The explination is that these chance differences are chosen out, not in
thousands of years but over billions of years. Many, Many trial and error
scenarios may occur over such a time period.

Neil

From: Durightmm at aol.com on 2002.02.01 at 16:04:01(8120)
These scientific explanations make sense to scientist but not always to non scientist. For example we seem to be losing sight of the topic "sense" Writers want to know "How" an organism "knows" it's surroundings. How does the vine know. it's peers are being eaten. How does the crab know to design it's nodules to discourage harvesting. How did Amorphos morph their flowers to attract sprecific beetle to pollinate each species. Isn't it wonderful that we have yet to unravel mysteries. and have additional topics for aroidl Joe

From: Iza & Carol Goroff goroff at idcnet.com> on 2002.02.01 at 21:07:20(8121)
Two very separate phenomena are presented here.
1. The crab does not "know" to present a helmet design. only from a
large population are the few which look most like a helmet are chosen.
That's evolution.
2. An already evolved plant has evolved mechanisms to seek those factors
which it needs for its individual survival (for the propagation of more
of its species), such as seeking water, and perhaps "smelling" and seeking
nitrogenous materials. These mechanisms include phototropism, geotropism,
and in vines seeking their support through reverse phototropism.
Neither implies a sixth sense in the sense of "knowing".
Iza Goroff
+More
From: Jill Bell jbell_buxton at yahoo.com> on 2002.02.01 at 21:10:00(8122)
Hey,
Do any of you remember the book (from the seventies)
called the Secret Life of Plants? It was based on lie
detector experimentation done on plants to test their
"feelings" about things, done by Robert Baxter, an
ex-FBI agent?
Jill

+More
From: Piabinha at aol.com on 2002.02.01 at 21:10:56(8123)
> The explination is that these chance differences are chosen out, not in
> thousands of years but over billions of years. Many, Many trial and error
> scenarios may occur over such a time period.

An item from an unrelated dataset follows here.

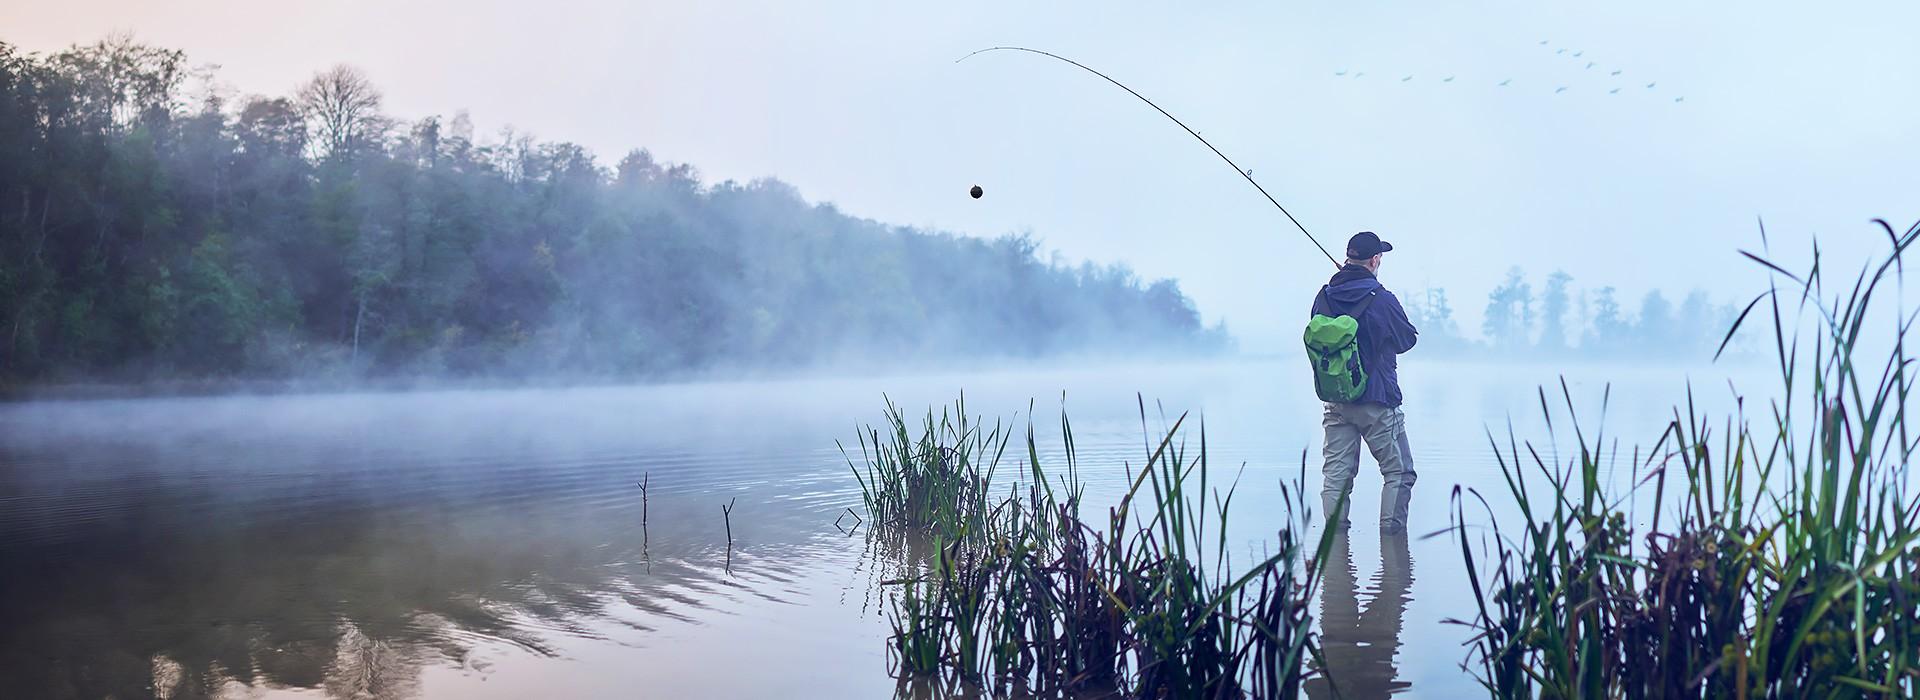 Bereiten Sie sich auf die bevorstehende Angelsaison vorFangen Sie schon ab 189,99 € klüger an zu fischen!
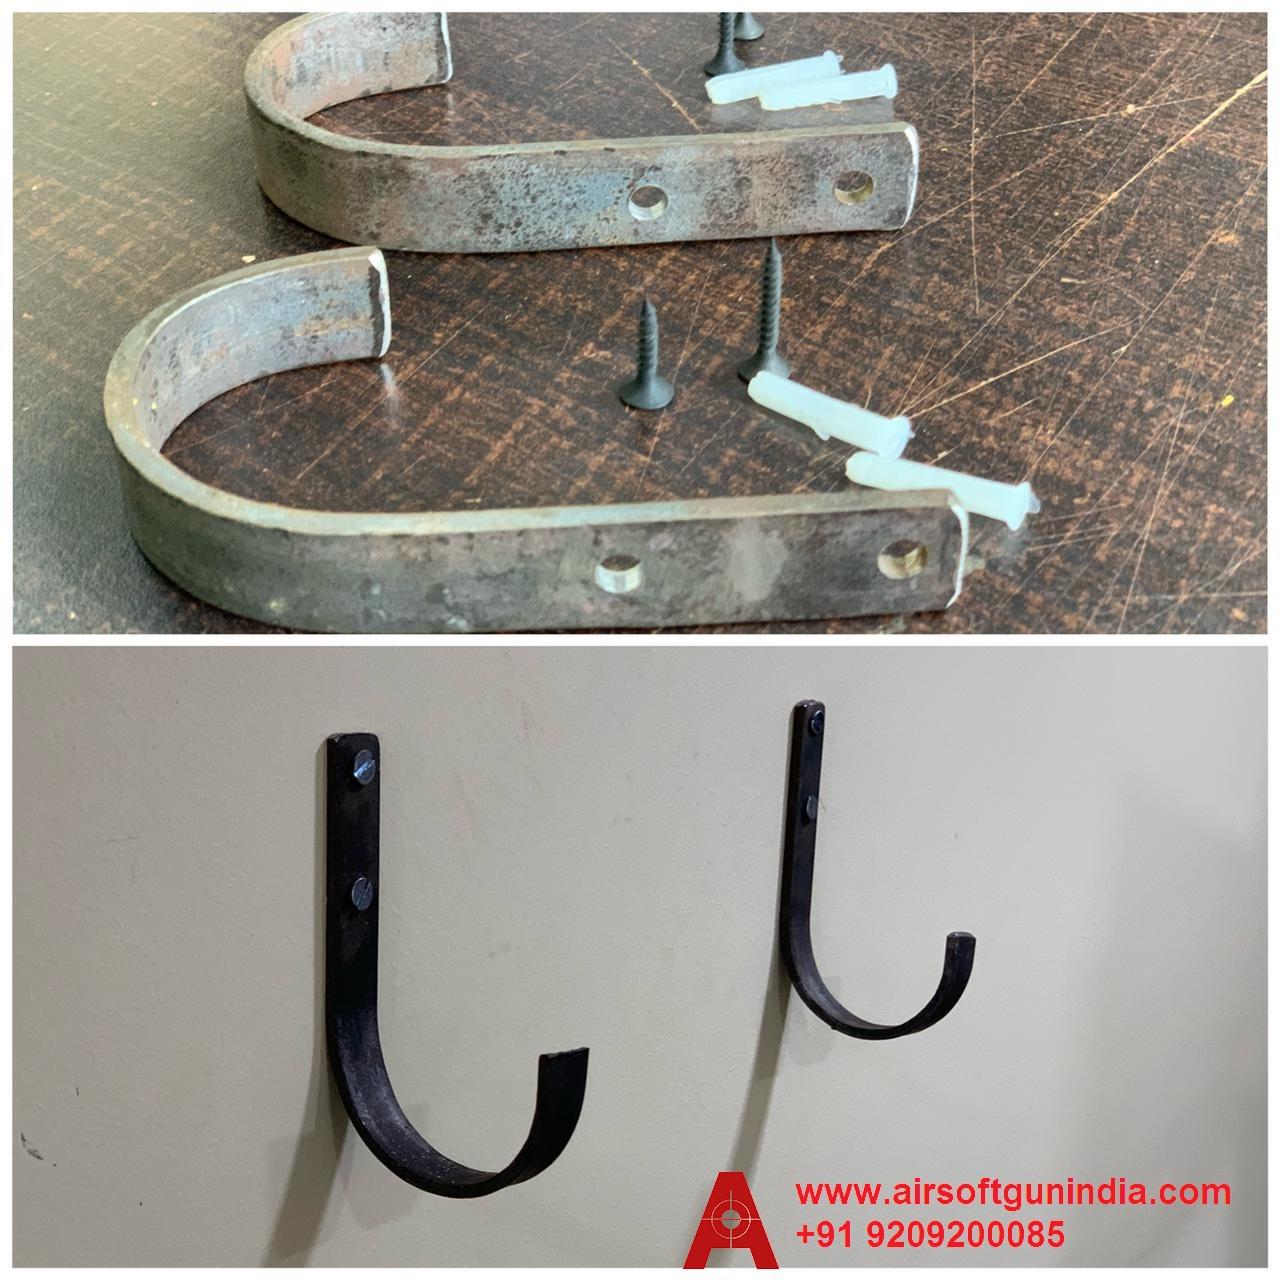 Airsoft Gun India Rilfe  Wall Mount Storage J-Hook  Rifle Shot Gun Hanger

billions? all you need are thousands of years. the speciation of haplochromine cichlids in lake victoria (from one species to over 300 species) took just a few thousand years. a blink of an eye in biological time.

tsuh yang

From: Betsy Feuerstein ecuador at midsouth.rr.com> on 2002.02.01 at 22:13:20(8125)
What is 'knowing?' Could an answer be in the interpretation of the meaning
of the word, knowing? To know, does one have to have a brain, a mind? Or
may 'knowing' be seen as something more inclusive?
Food for thought, nothing more, nothing less.
Betsy
+More
From: "Plantsman" plantsman at prodigy.net> on 2002.02.02 at 04:46:49(8126)
----- Original Message -----
To: "Multiple recipients of list AROID-L"
Sent: Friday, February 01, 2002 10:02 AM
Subject: Re: Plants The sixth sense
:
: The explination is that these chance differences are chosen out,
not in
+More
From: Durightmm at aol.com on 2002.02.02 at 04:48:07(8127)
Knowing is awareness and so far there is no indication plabts are aware. How can that be measured? Perhaps in time plants will reveal that. Rregardless no one should be less in awe at these fantastic creatures. And I expect a challenge to that last one. Joe

From: Neil Carroll zzamia at hargray.com> on 2002.02.02 at 04:48:29(8129)
>
>I think it is highly unlikely that ANY permutation of an Amorphophallus
>(for example) is going to head in the direction of looking like the fly
>that pollinates it, regardless of how many million years you leave it.

No, but it certainly has developed a smell which the fly that pollinates is
highly attracted to. Pollination is not the only character that would be
subject to natural selection. Large leaves are selected for plants which are
perpetually in low light to gather more light. Those with small leaves were
left behind.

So
>why does a particular orchid look so much like it's pollinator to the point
>that you can mistakenly at a first glance think that it is a wasp sitting
>on the flower, rather than it being the flower itself? What made the
>orchid head in that direction in the first place?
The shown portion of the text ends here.